▶ _WHAT YOU HAVE TO DO_: Provide an exact copy of the data, excluding the images.

▶ _EXERCISE DATA_:

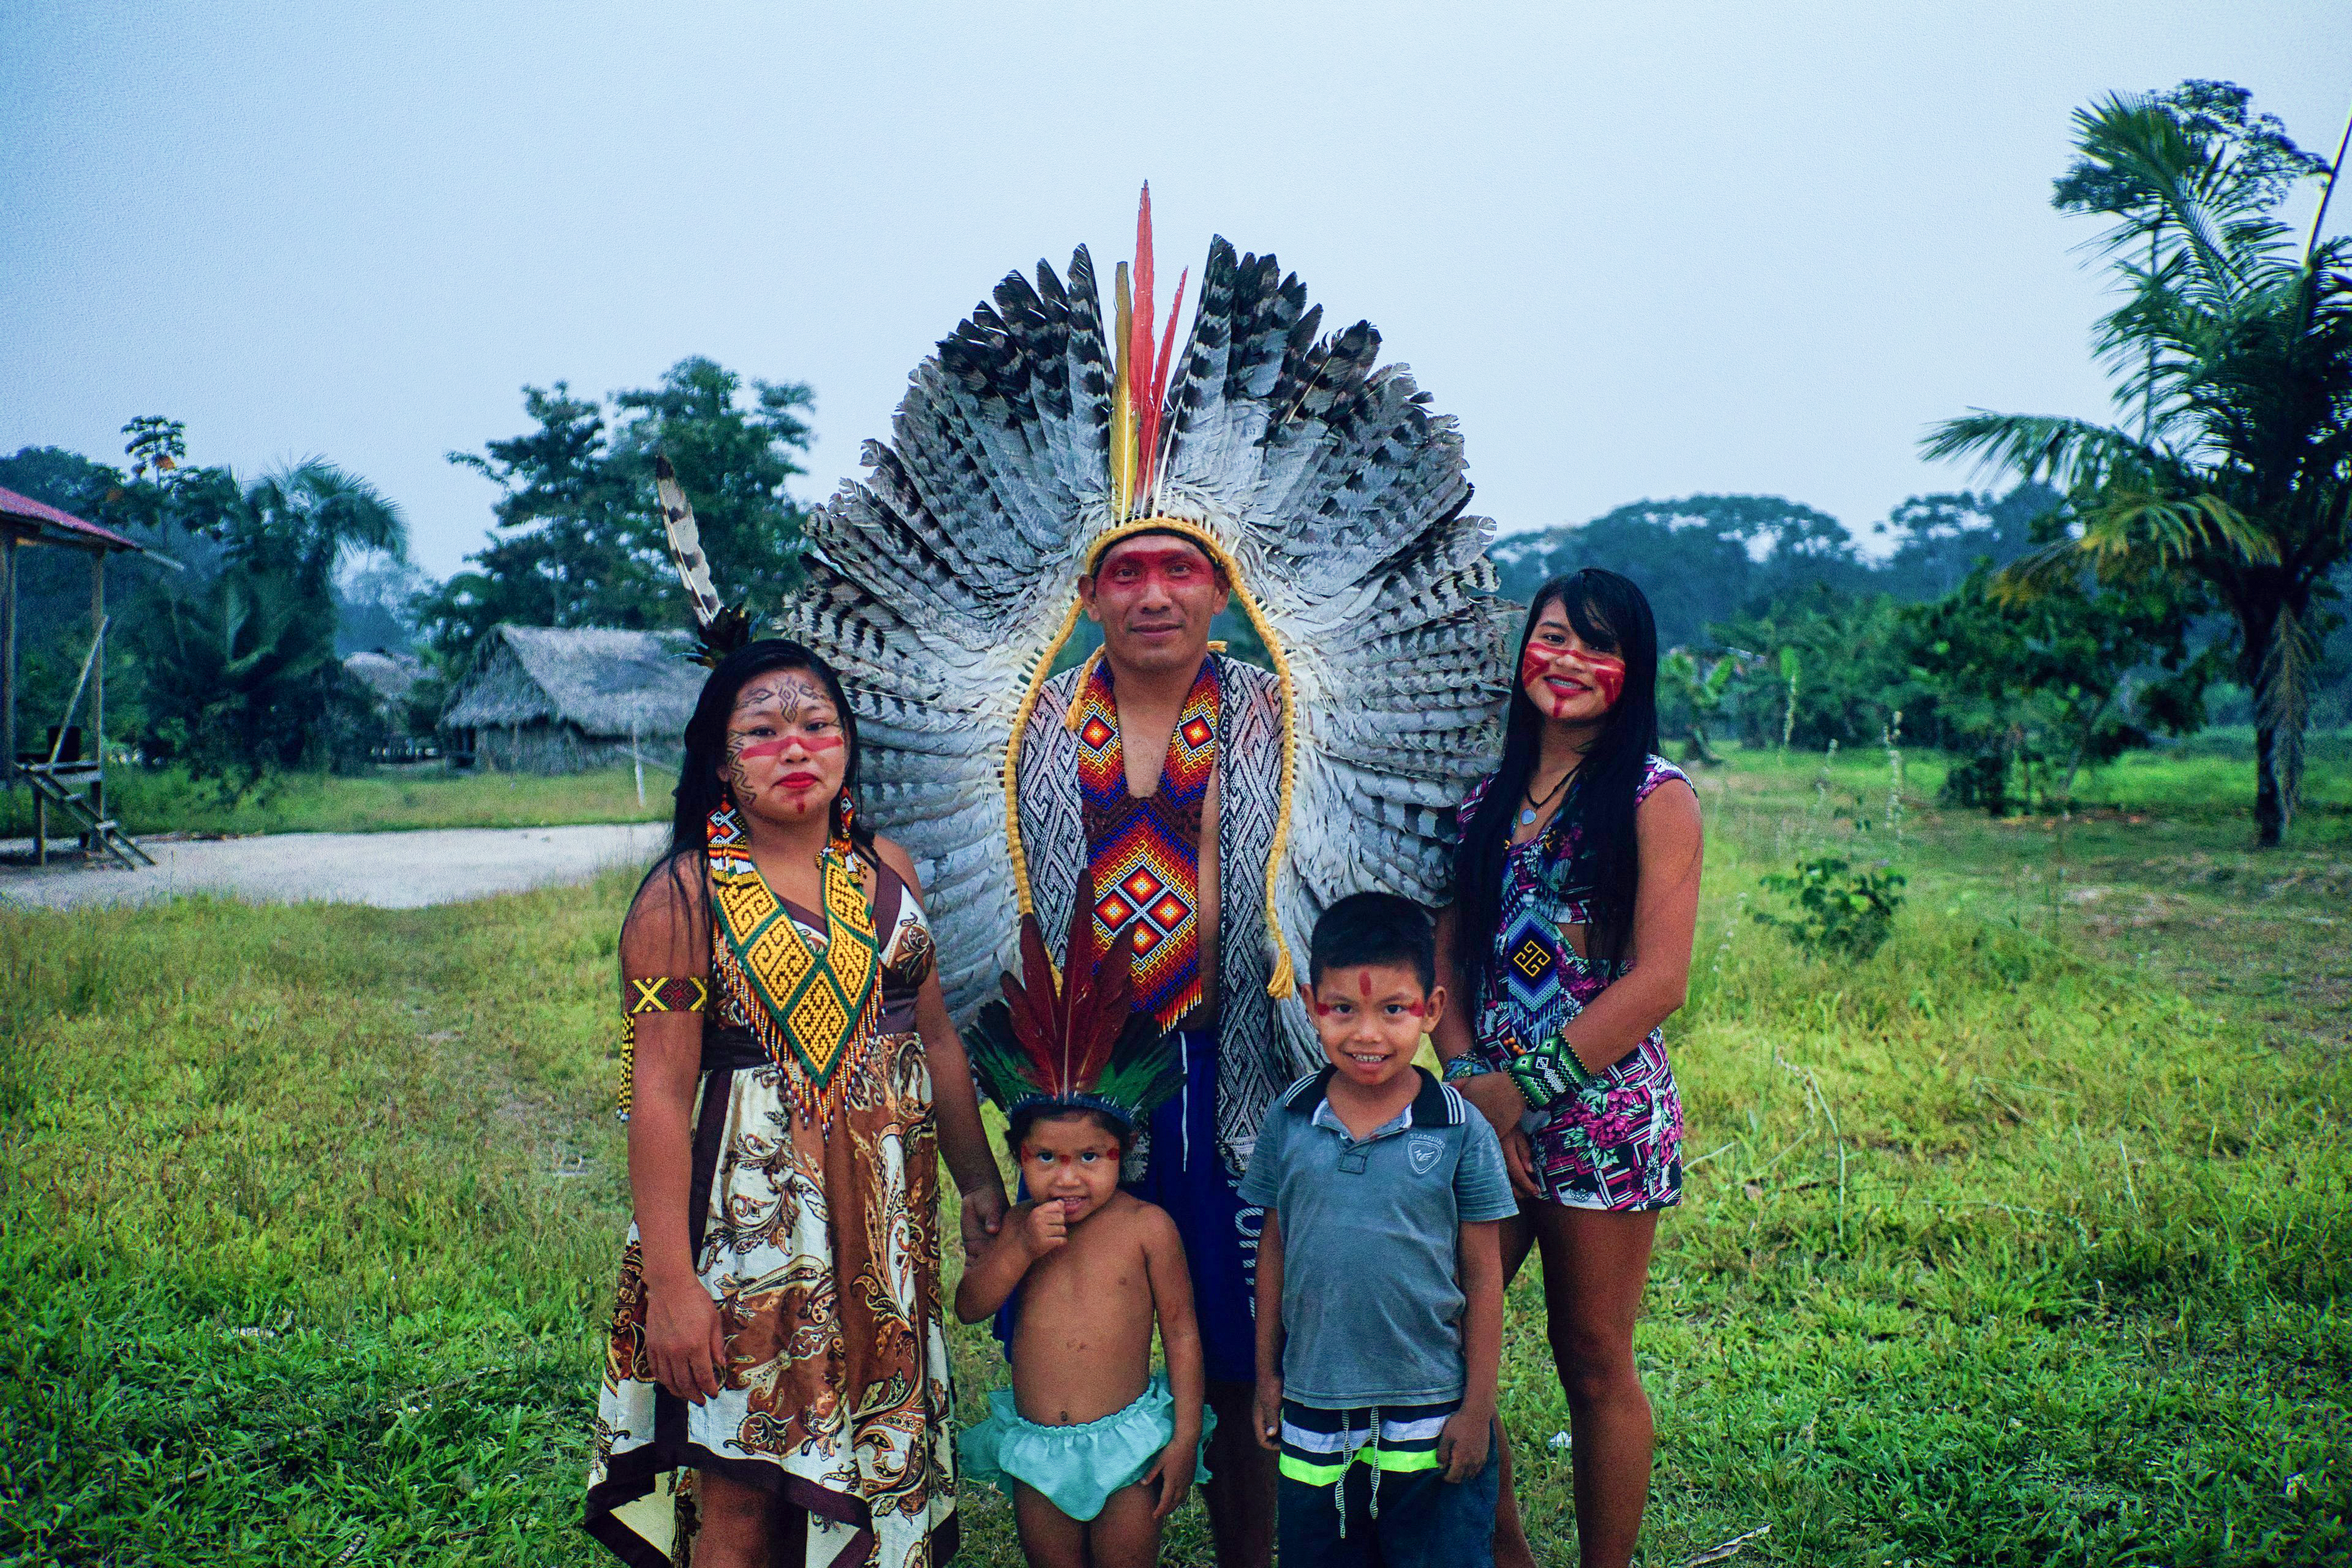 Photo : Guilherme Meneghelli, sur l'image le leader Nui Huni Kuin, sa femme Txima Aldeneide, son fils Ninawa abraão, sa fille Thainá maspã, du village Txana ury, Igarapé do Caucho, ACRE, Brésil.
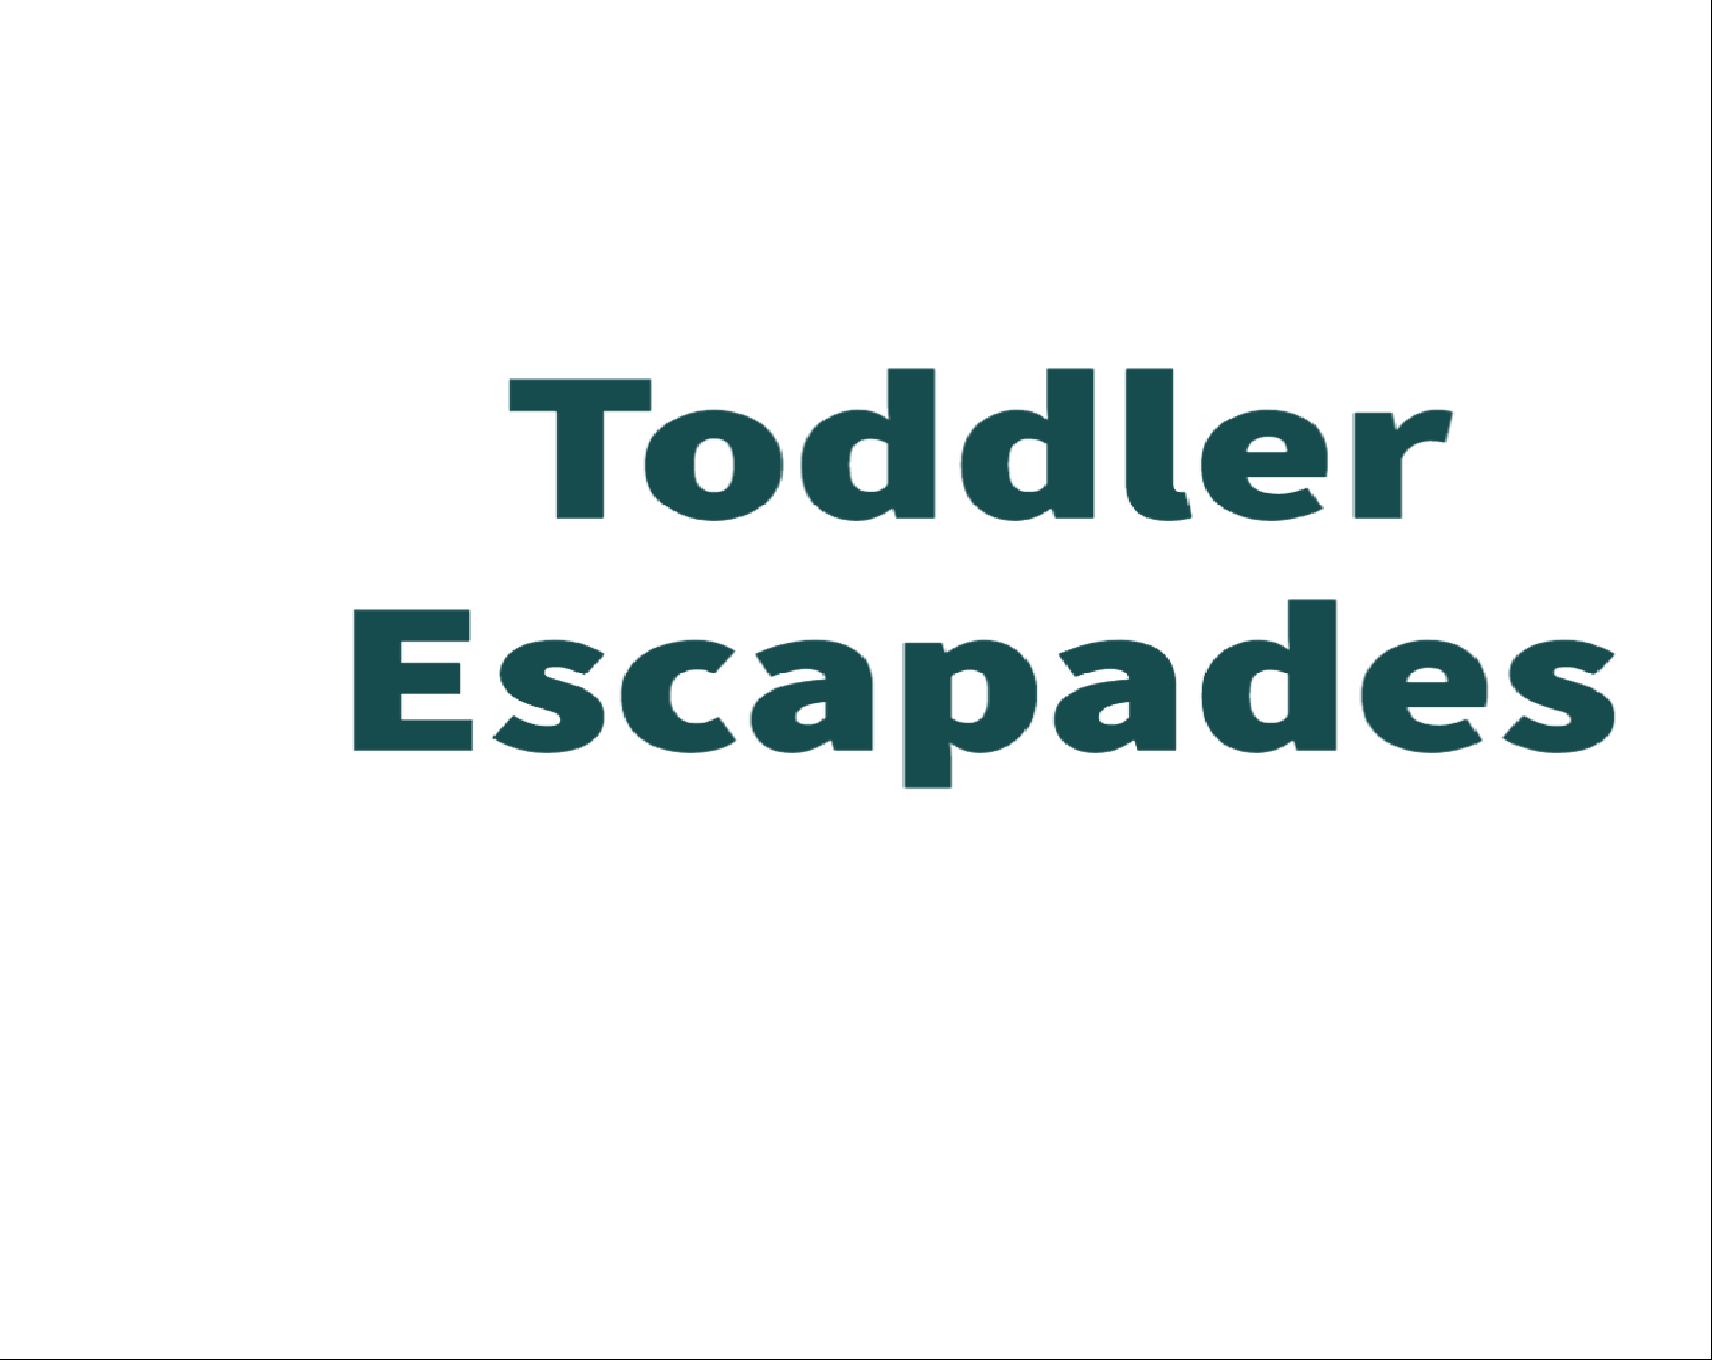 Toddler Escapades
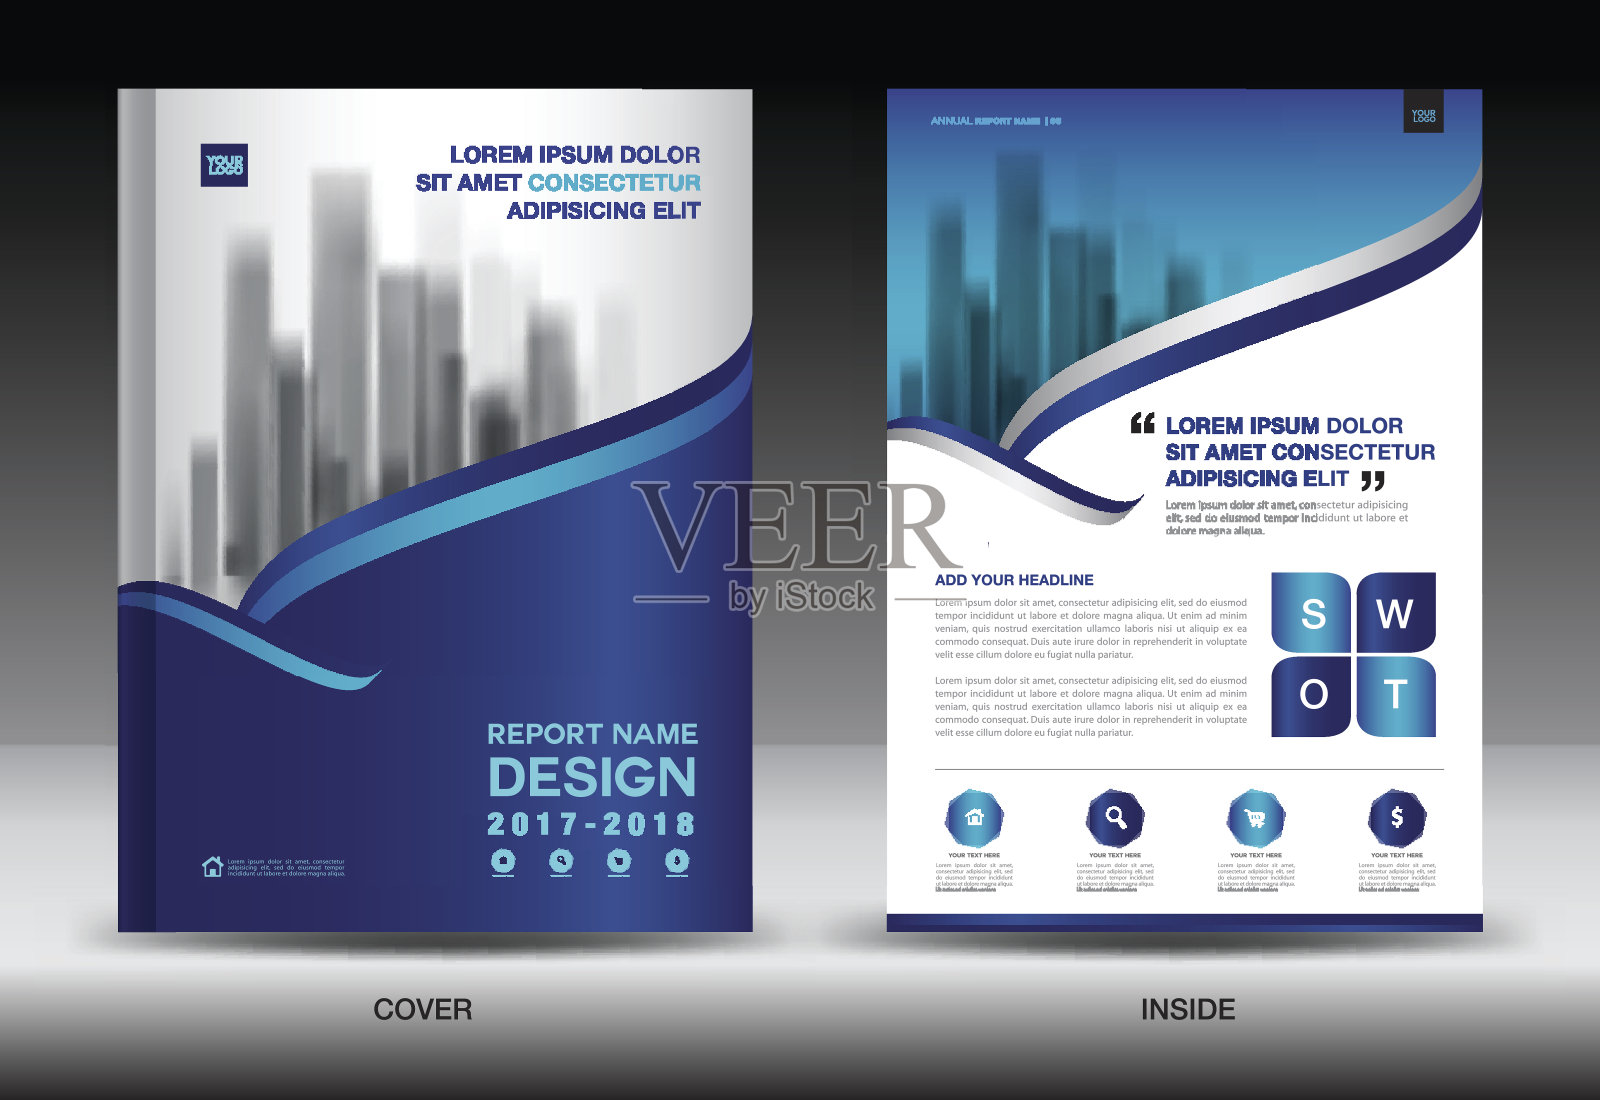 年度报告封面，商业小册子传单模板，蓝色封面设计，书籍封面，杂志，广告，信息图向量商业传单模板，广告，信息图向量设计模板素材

▶ _RESULT_:
 Photo : Guilherme Meneghelli, sur l'image le leader Nui Huni Kuin, sa femme Txima Aldeneide, son fils Ninawa abraão, sa fille Thainá maspã, du village Txana ury, Igarapé do Caucho, ACRE, Brésil.
 Toddler Escapades
 年度报告封面，商业小册子传单模板，蓝色封面设计，书籍封面，杂志，广告，信息图向量商业传单模板，广告，信息图向量设计模板素材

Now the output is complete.